How to calculate log and pH uncertainties?

[missbrokensmile]

I'm looking at the pKa of an acid, and I've done all the calculations, but I'm a little uncertain as to how to calculate the uncertainties for log and pH. Is there any chance any one could help or point me in a direction with information on it?

For example, I just picked an arbitrary value...

pH = 1.23 (+/- 0.05) --> How would I calculate a percentage uncertainty for this?
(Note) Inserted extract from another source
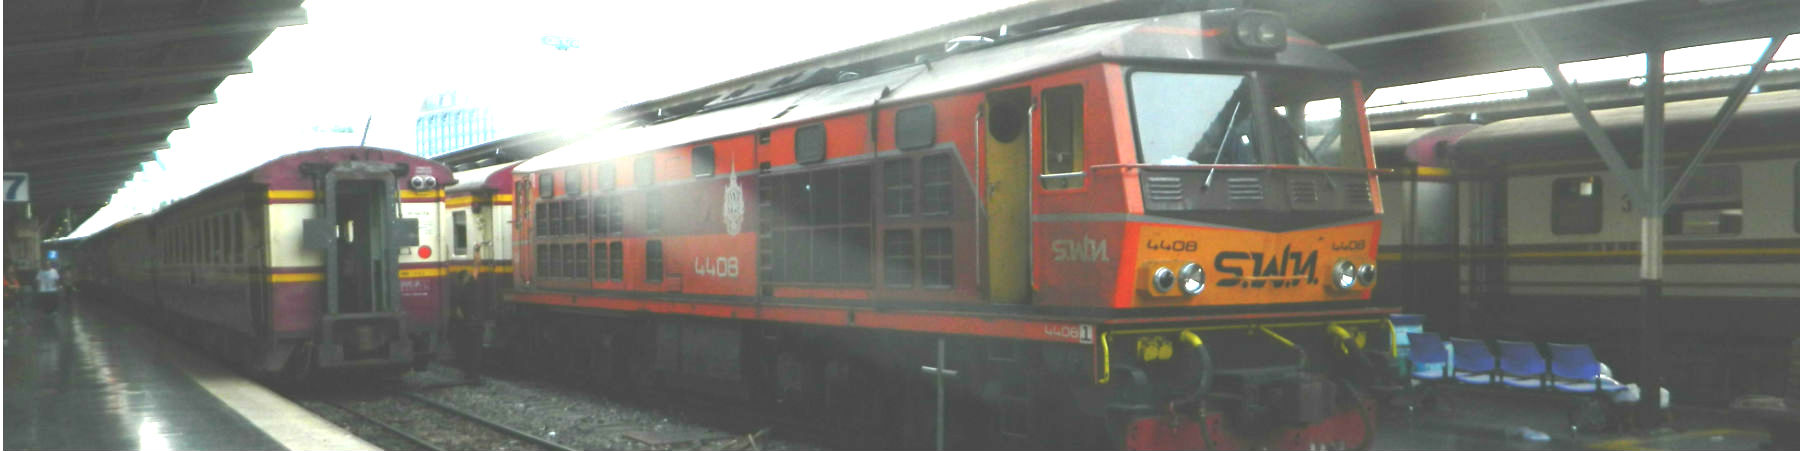 Alsthom ADD (1985) Locomotive Stock - Engine 4408
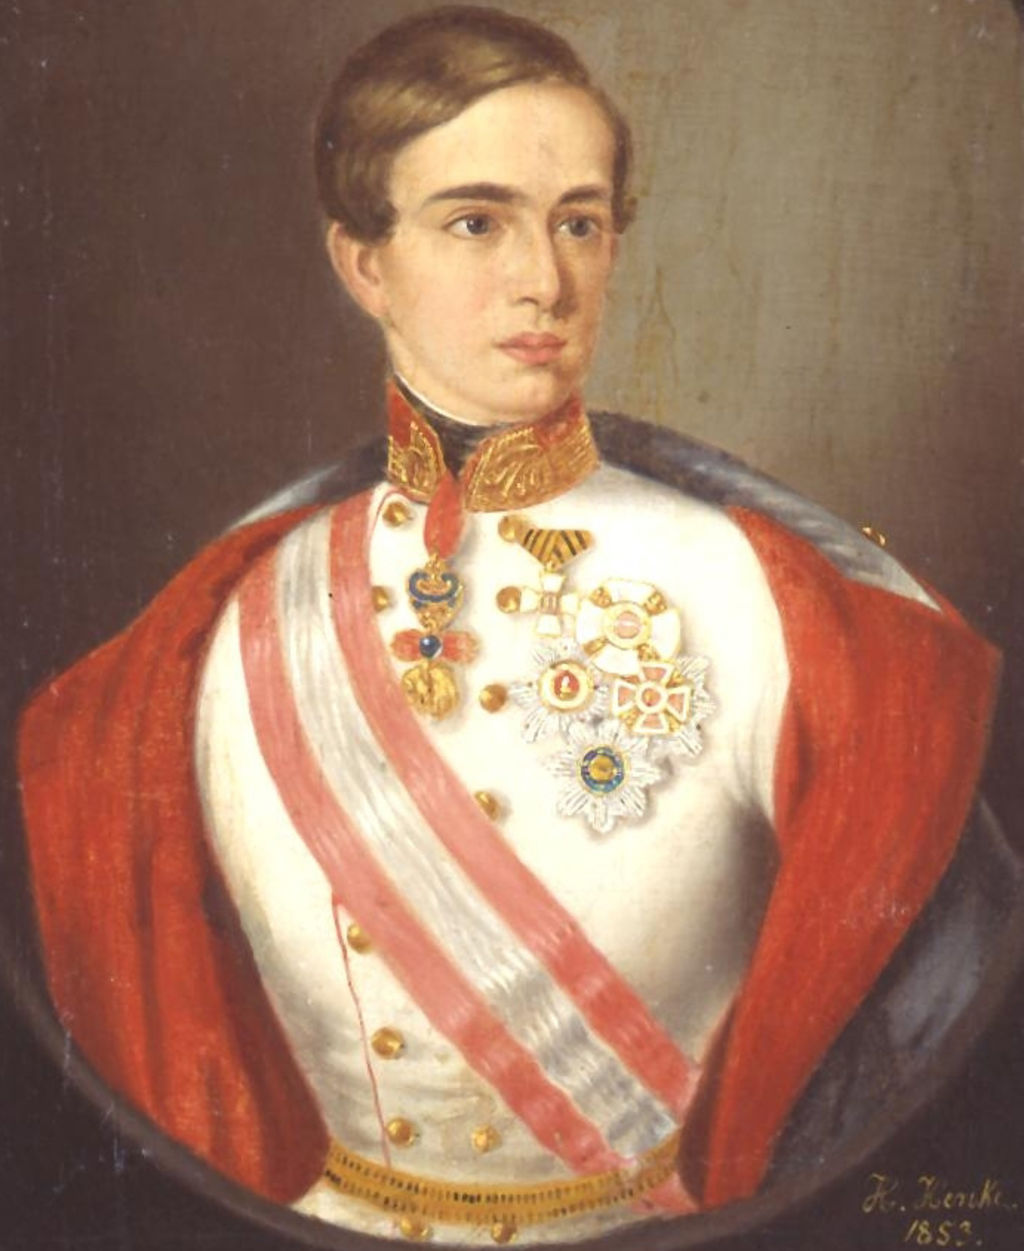 Exponat: Gemäde: "Franz Joseph I., Kaiser von Österreich ", 1853

pKa = -log(1.23x10^-6) = 13.6 --> How would I calculate a percentage uncertainty for this?

Any help is appreciated!

[x___x]

calculating the percentage uncertainty is quite easy, no need to worry.

here is how it's done:

you take the absolute uncertainty value over the value of the pH then multiply the result by 100 to get the percentage, like this: (0.05 ÷ 1.23) × 100 = 4.065 (4 s.f.).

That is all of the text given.